Starting with the line that contains "CENTRO FIGLINE, FIGLINE", copy each line exactly through the end of the listing, and omit all pictures.

**DATASET EXCERPT:**
◆ ◆ ◆ ◆

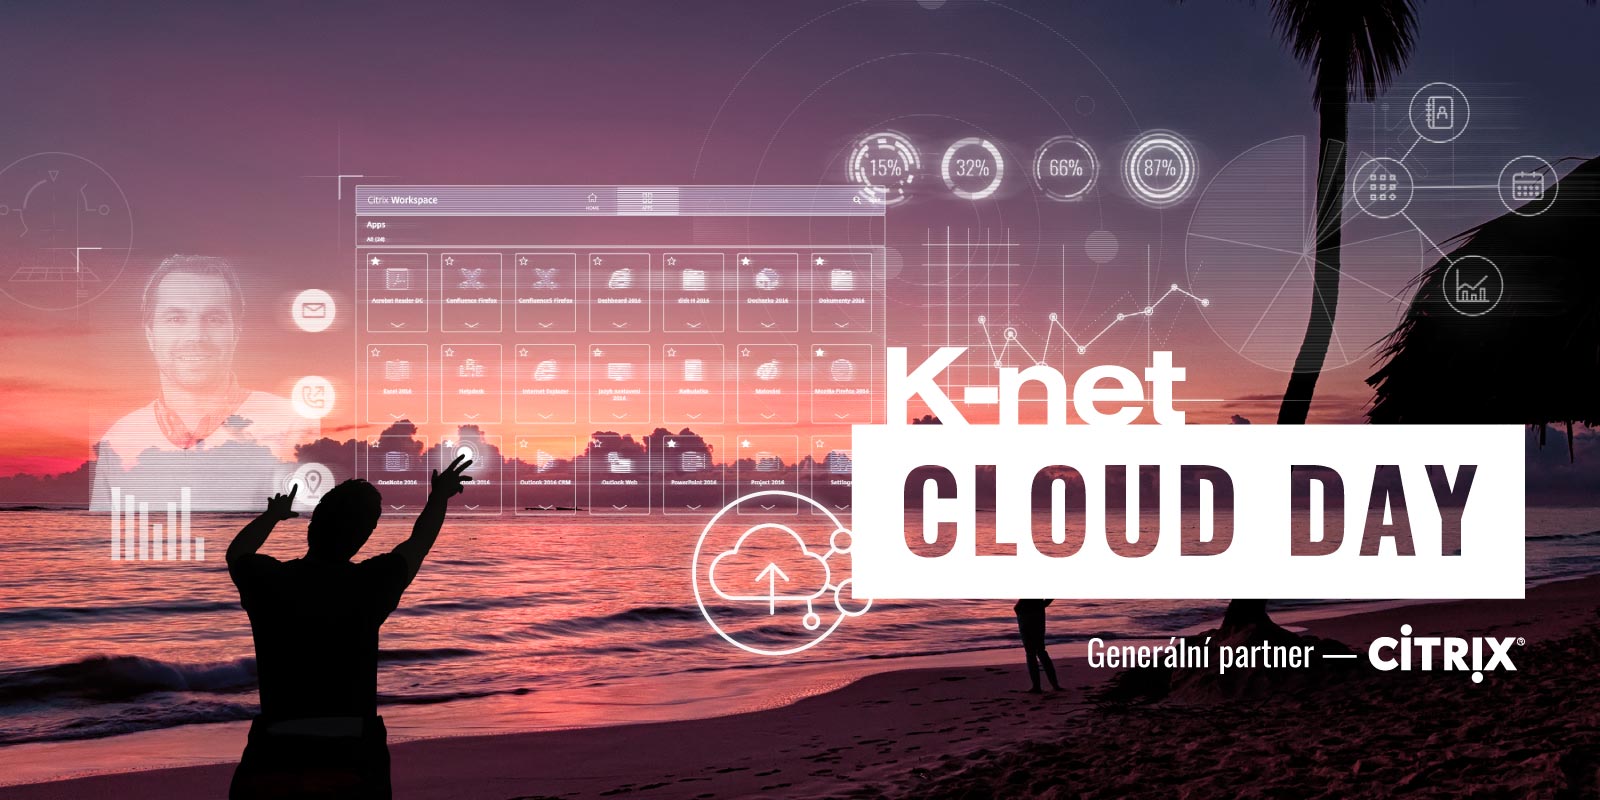 Invitation at the event of K-net "Cloud Day 2019"
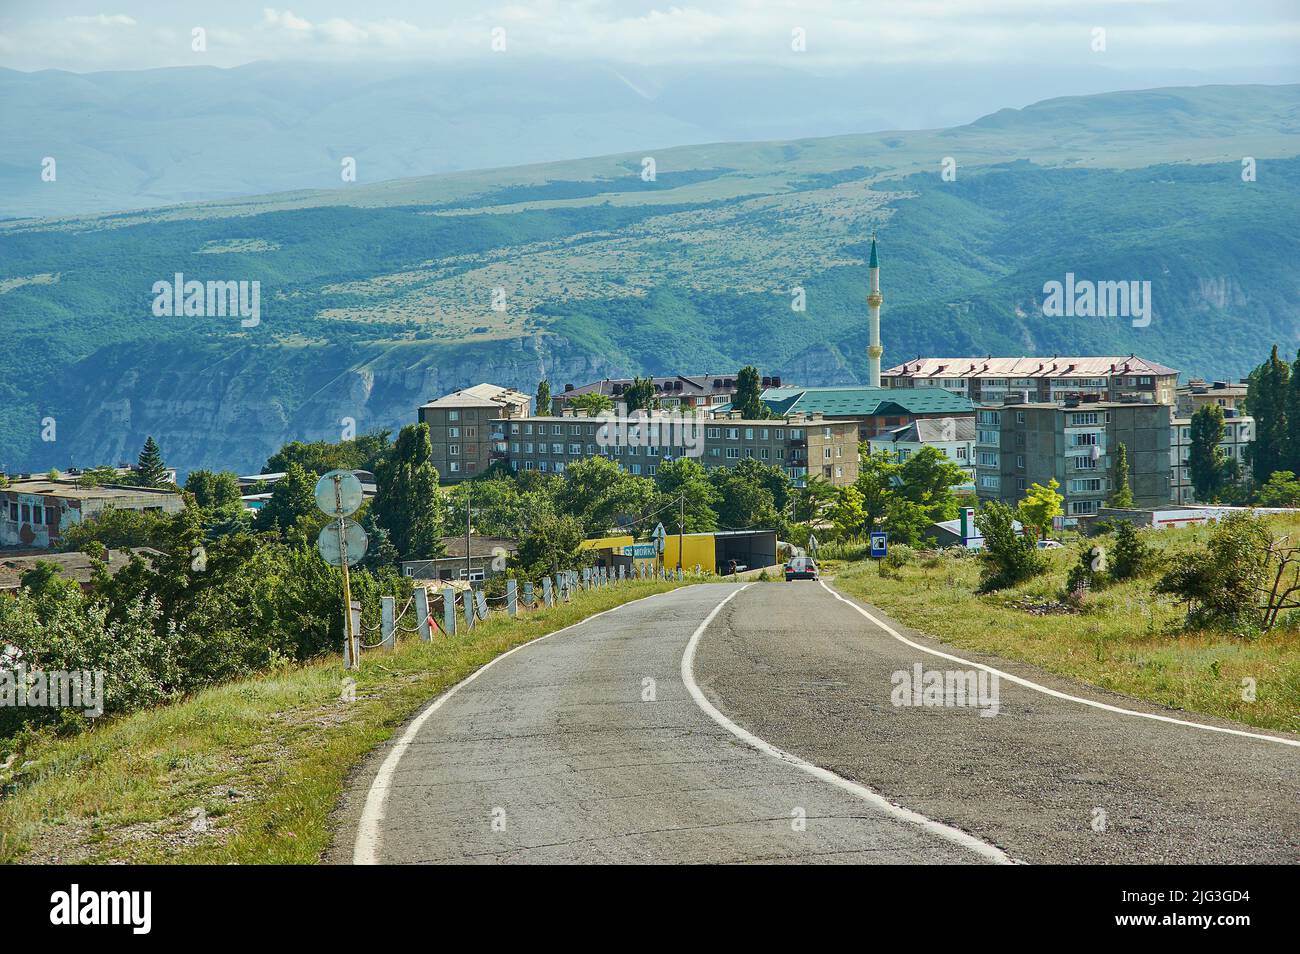 Chirkey reservoir Dagestan, town of Dubki  mountain landscape with dirt road in the vicinity of the reservoir Stock Photo
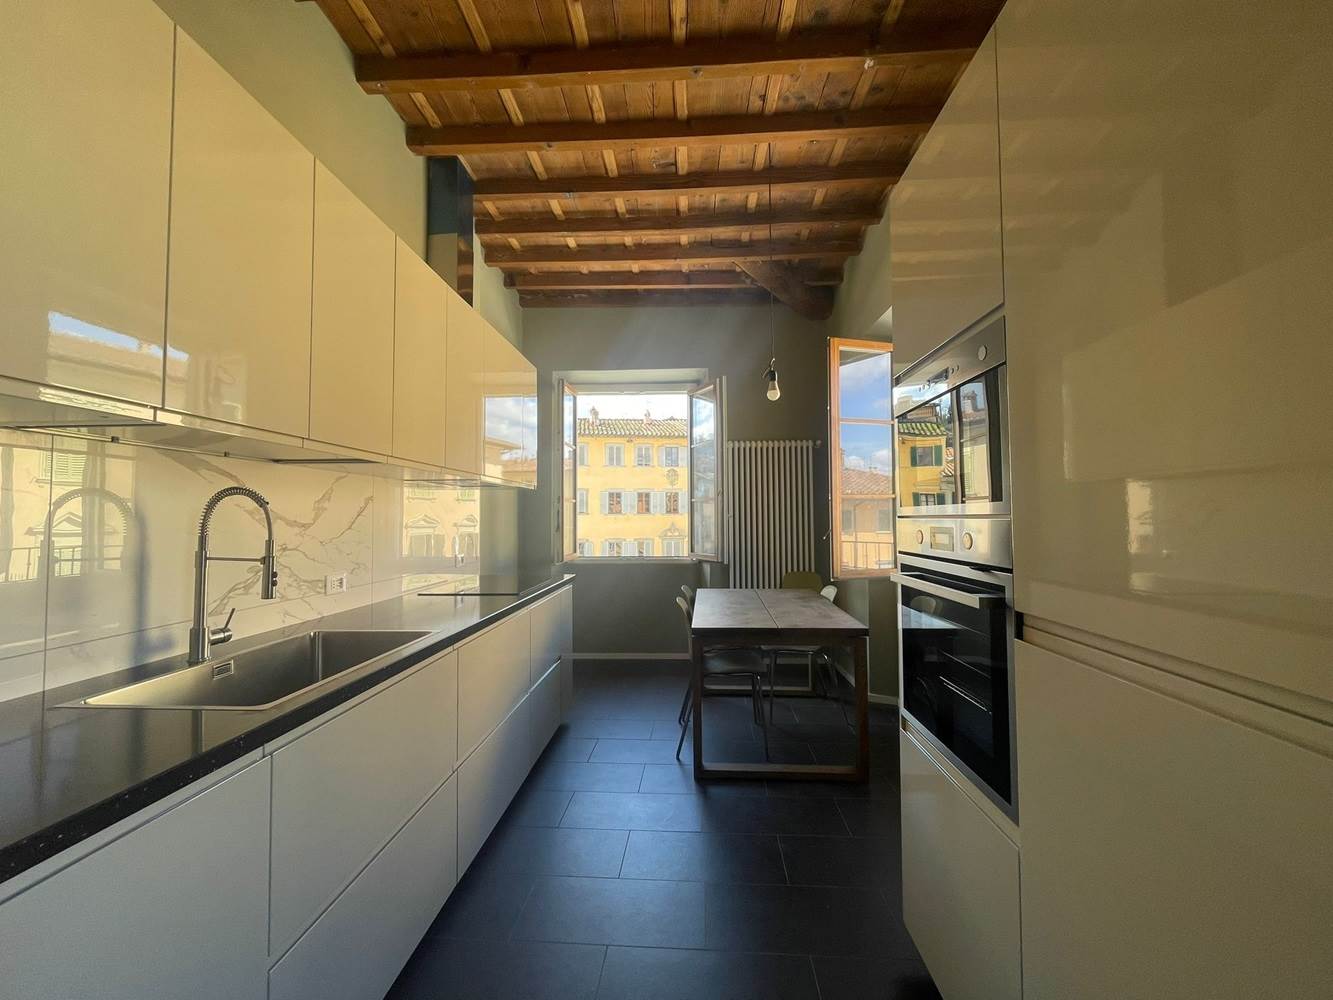 CENTRO FIGLINE, FIGLINE E INCISA VALDARNO, Apartment for sale of 88 Sq. mt., Excellent Condition, Heating Individual heating system, Energetic class: 
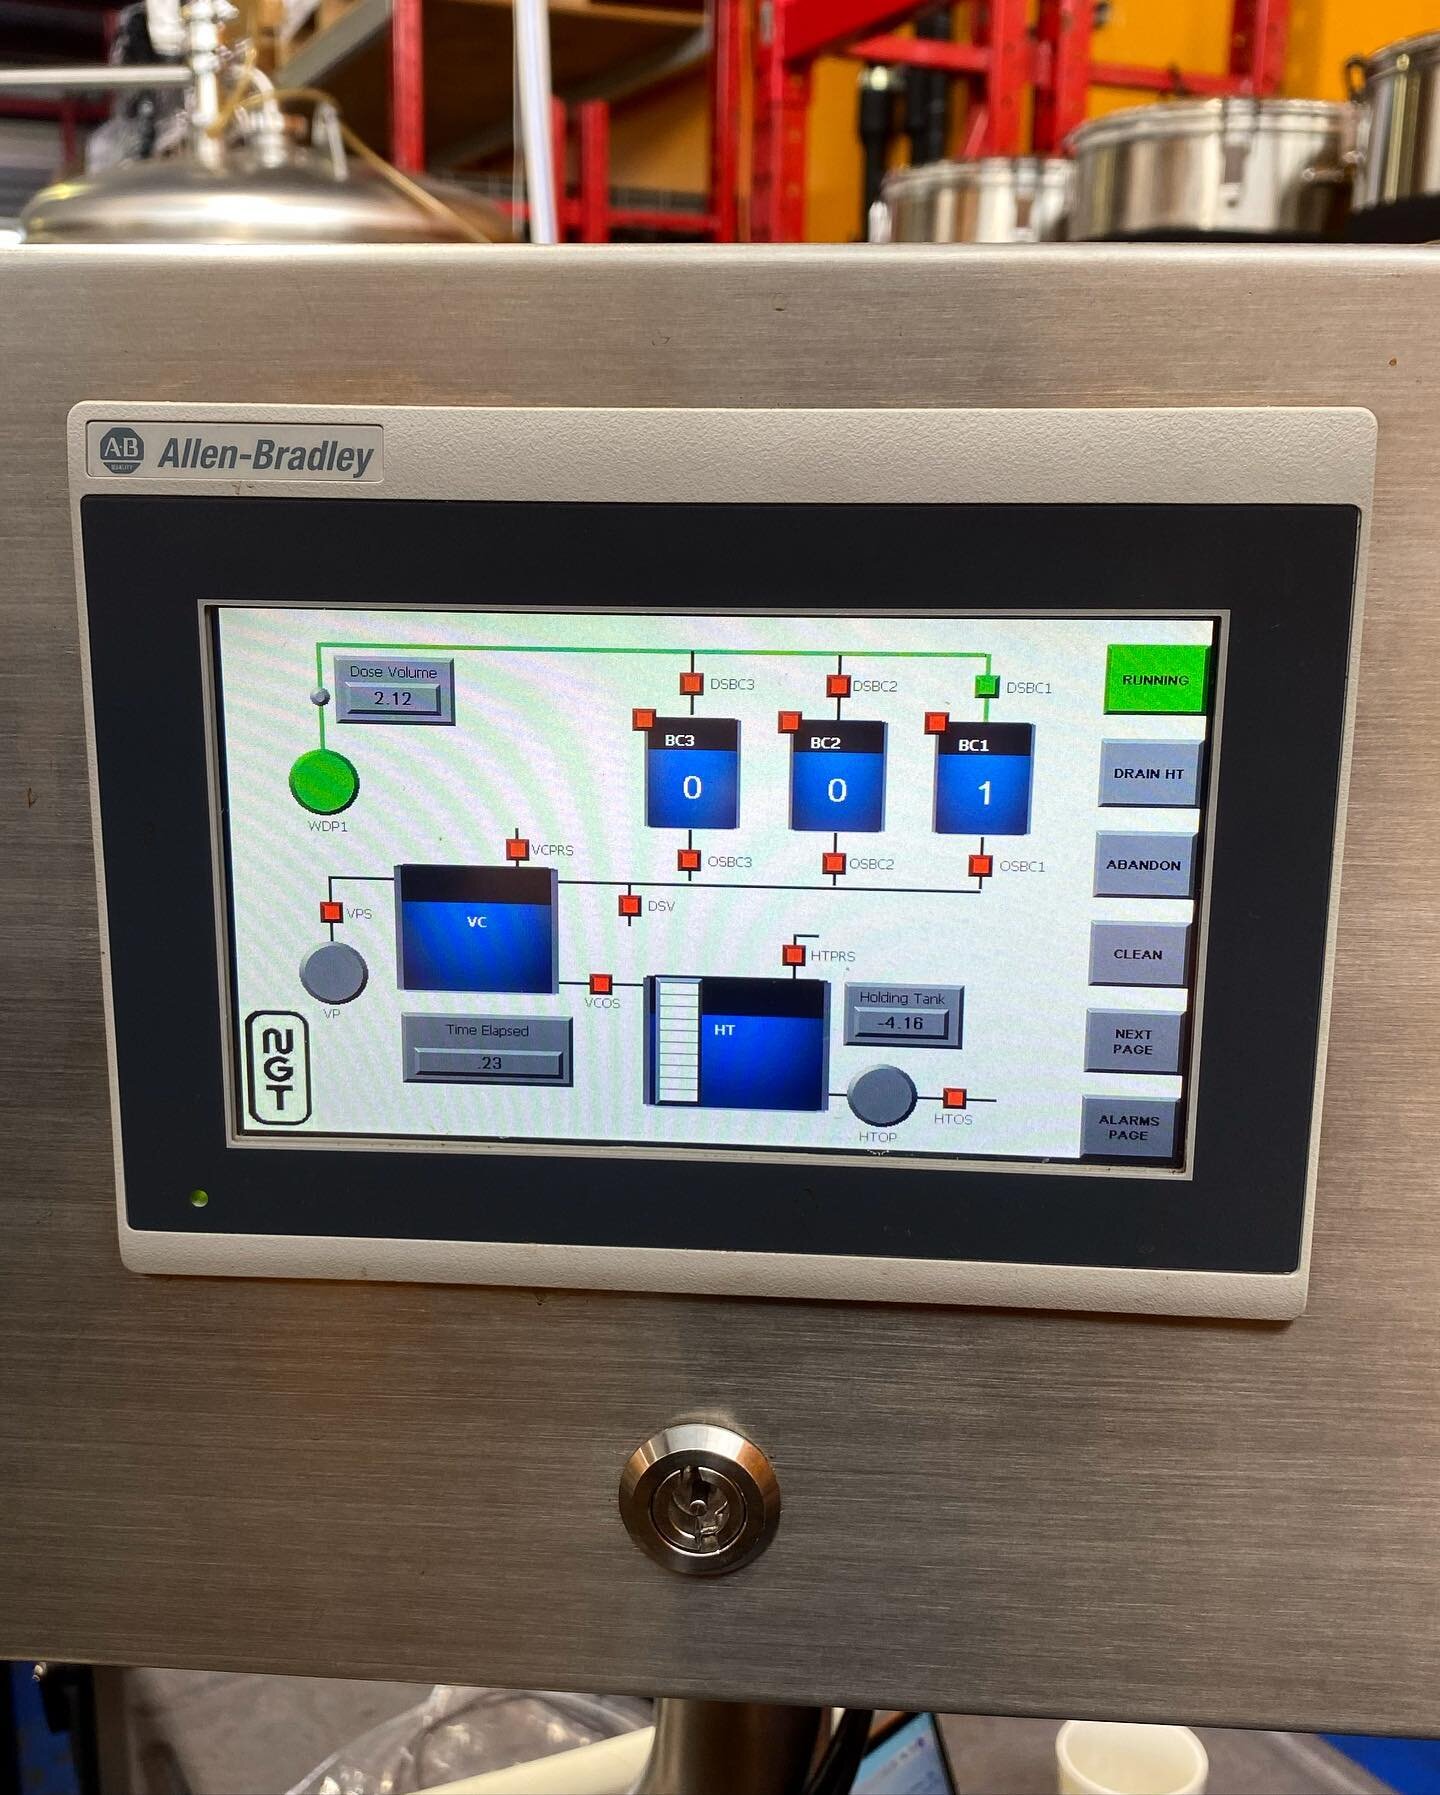 Here&rsquo;s a few snaps from one of our recent automation projects. This system runs an automated brewing production plant. We used an Allen Bradley PLC to control the system process and IFM field equipment for monitoring and control. The system inc

◆ ◆ ◆ ◆

**EXERCISE RESULT:**
 CENTRO FIGLINE, FIGLINE E INCISA VALDARNO, Apartment for sale of 88 Sq. mt., Excellent Condition, Heating Individual heating system, Energetic class: 
 Here&rsquo;s a few snaps from one of our recent automation projects. This system runs an automated brewing production plant. We used an Allen Bradley PLC to control the system process and IFM field equipment for monitoring and control. The system inc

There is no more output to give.